We examined the
telomerase activity and its subunit expression by cell culture, polymerase chain reaction (PCR), PCR-
silver staining, PCR-ELISA,
DNA sequencing, MTT and flow cytometry methods.
RESULTS: PCR-
silver staining and PCR-ELISA methods had the same specificity and sensitivity as the TRAP method.
Telomerase activity was detected in the extract of the 10(th),20(th) and 30(th) passages of P3 cells,while it was absent in fibroblasts. Furthermore, after the 30th generation, the proliferation period of fibroblast cells was significantly prolonged.
Telomerase activity and hTERTmRNA were detected in two
pancreatic carcinoma cell lines, but were found to be negative in human fibroblast cells.
Telomerase activity and hTERTmRNA were tested in
pancreatic carcinoma specimens of 24 cases. The
telomerase activity was positive in 21 of the 24 cases (87.5 %), and the hTERTmRNA in 20 cases (83.3 %). In adjacent normal tissues positive rates were both 12.5 %. There was a significant difference between the two groups. This indicated a significant correlation between the expression level of
telomerase activity and histologic differentiation,
metastasis and advanced clinical stage of
pancreatic carcinoma. Our findings showed that the expressions of hTR and TP1mRNA were not correlated with the activity of
telomerase but the expression of hTERTmRNA was.
After treatment with PS-ODNs,
telomerase activity in P(3) cells weakened and the inhibiting effect became stronger with an increase in PS-ODNs concentration. There was a significant difference between different PS-ODN groups (P<0.05). Inhibition of
telomerase activity occurred most significant with PS-ODN1. The results of the FCM test of
pancreatic cancer P(3) cells showed an increase in the apoptotic rate with increasing PS-ODN1 and PS-ODN2 concentrations.

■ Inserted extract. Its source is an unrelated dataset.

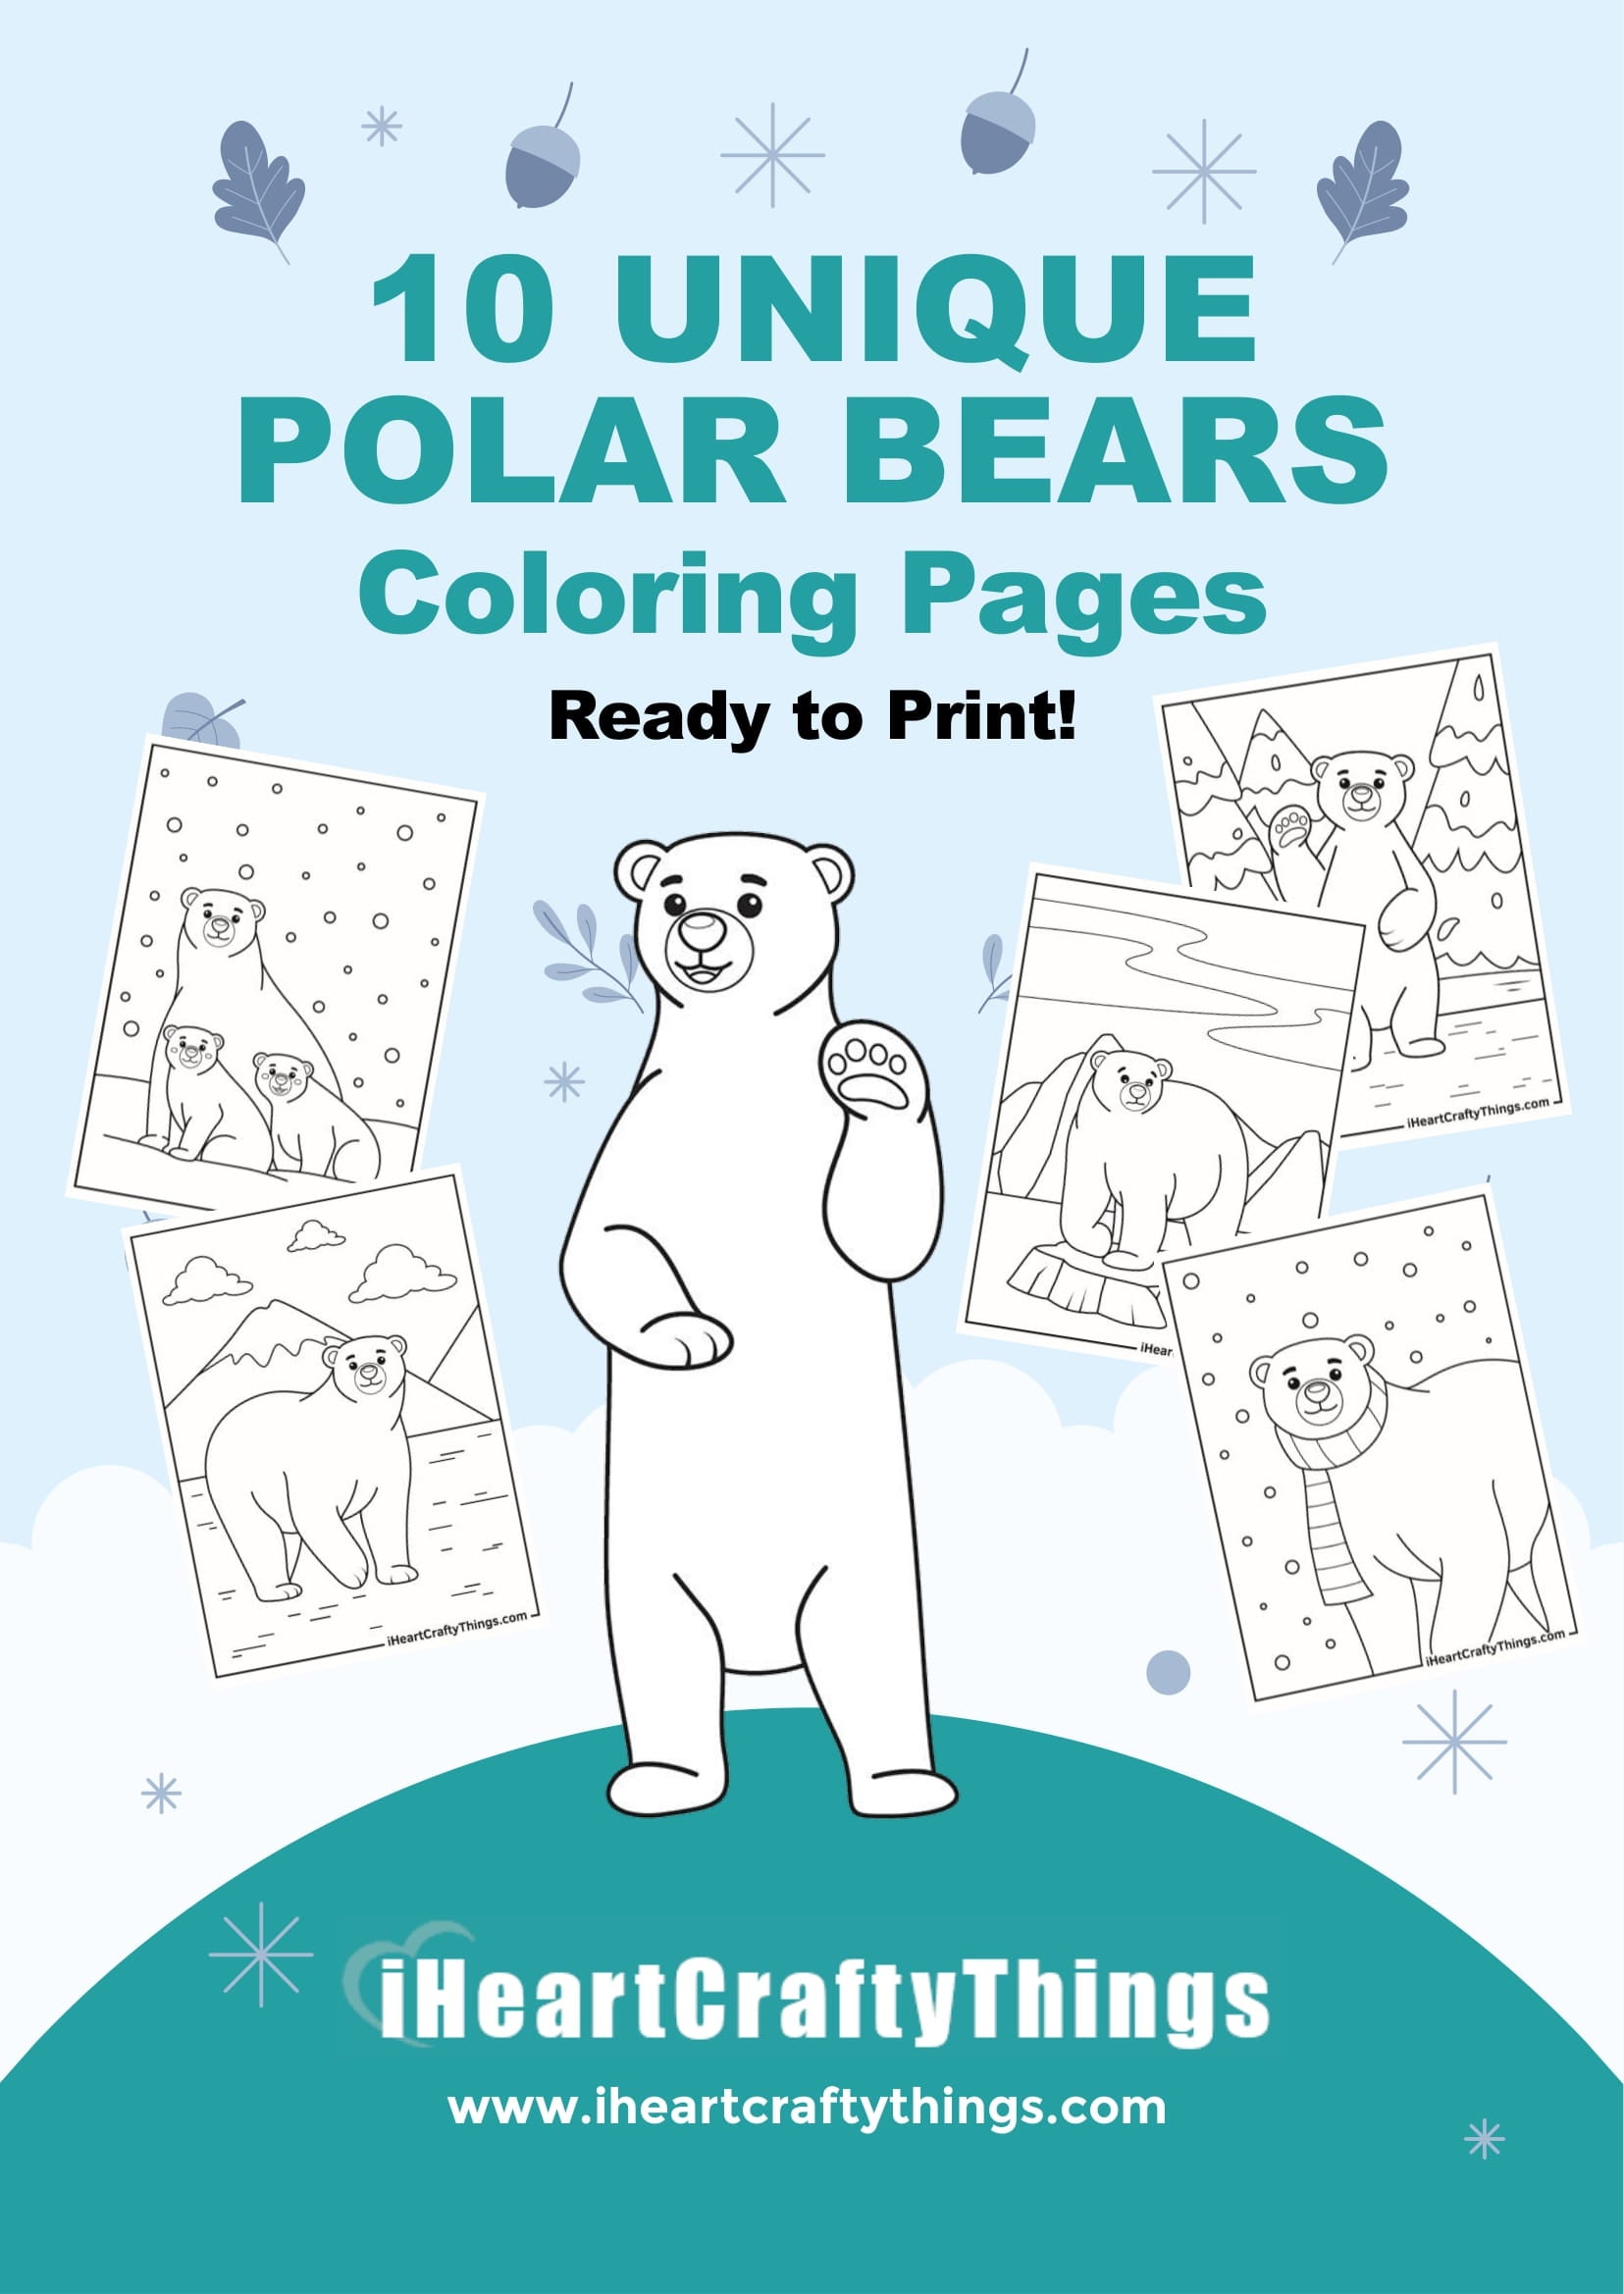 Polar bear coloring pages â i heart crafty things

CONCLUSION: The expression of
telomerase activity has a significant relationship to
carcinogenesis. A strong correlation exists between
telomerase activity and hTERTmRNA expression. The up-regulation of hTERTmRNA expression may play a critical role in human
carcinogenesis. The expression of
telomerase activity and its subunit level in
pancreatic carcinoma significantly correlate with the clinical stage of
pancreatic carcinoma and hence, may be helpful in its diagnosis and prognosis. The anti-hTR complementary to the template region of hTR is sufficient to inhibit P3 cell
telomerase activity and cell proliferation in vitro, and can lead to a profound induction of programmed cell death.